The latest example of this is the ruling banning the publication of the "modern" sequel to The Catcher in the Rye. If there really were a distinction between the idea and the expression, then a sequel would never be seen as infringing, unless it used significant text directly from the original. Yet, in this case, the ban on publication is making some wonder where that mythical idea/expression dichotomy really exists:
First, it exposes the lie that is perpetuated in the legal community that copyright laws don't protect "ideas", but rather only the "concrete expression" of ideas. In practicality, this statement is pure nonsense as evidenced by the fact that a copyrighted work seals in monopoly protections of "characters" and "derivative works" - even if such derivative works don't include any actual "copying" of cloned material from the underlying work.
For instance, if I feel that I have a far better script or storyline that utilizes the character of James Bond, but without utilizing any previous cloned image from a Bond film and without copying previously used dialogue beyond a minimal instance of "My name is Bond...James Bond." or "Shaken...not stirred.", I still would not be able to create it, because Ian Flemming's estate and/or Sony Pictures, etc. has a monopoly over the IDEA of James Bond.
I would argue that by protecting "derivative" works, copyright effectively asserts control over ideas - except for those envisioned at the most abstract levels.

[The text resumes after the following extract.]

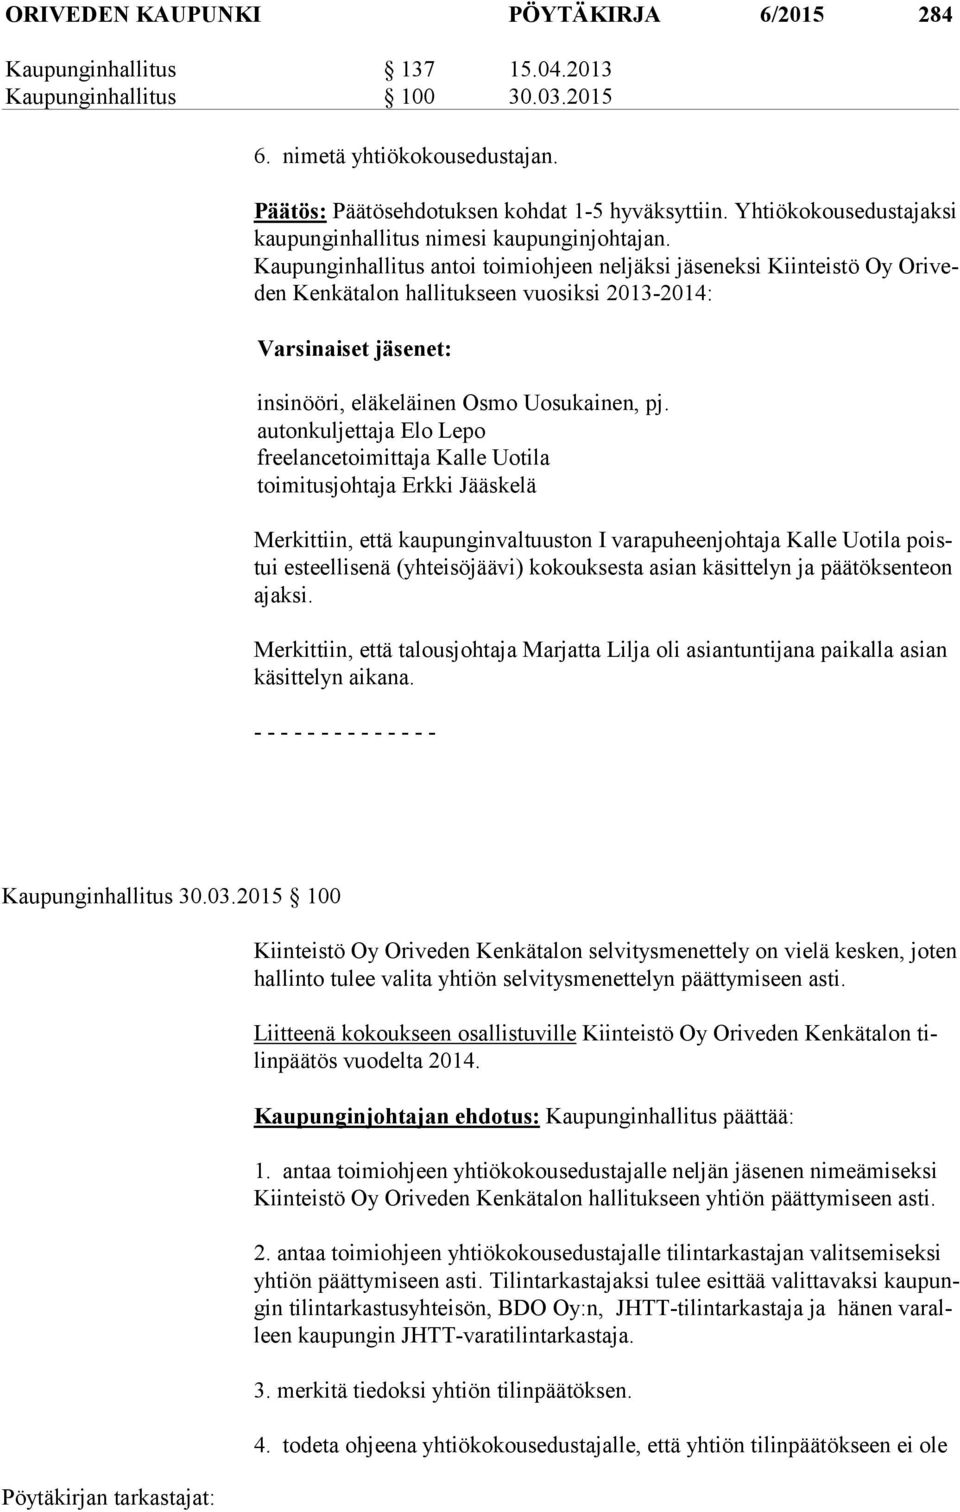 Kaupunginhallitus antoi toimiohjeen neljäksi jäseneksi Kiinteistö Oy Ori veden Kenkätalon hallitukseen vuosiksi 2013-2014: Varsinaiset jäsenet: insinööri, eläkeläinen Osmo Uosukainen, pj.

I'm sure we'll get angry comments from some of the copyright defenders who are always quick to chide, but I'm curious how they can use the so-called idea/expression dichotomy as a defense against a First Amendment violation, when that dichotomy doesn't really seem to exist. Copyright system defenders, for years, have relied on the whole "idea/expression" split to explain away how copyright law can be compatible with the First Amendment's insistence that "no law" may be passed that inhibits freedom of speech. If you realize that said split doesn't really exist (or, at the very least, is not enforced by the courts), you have a big, big constitutional problem.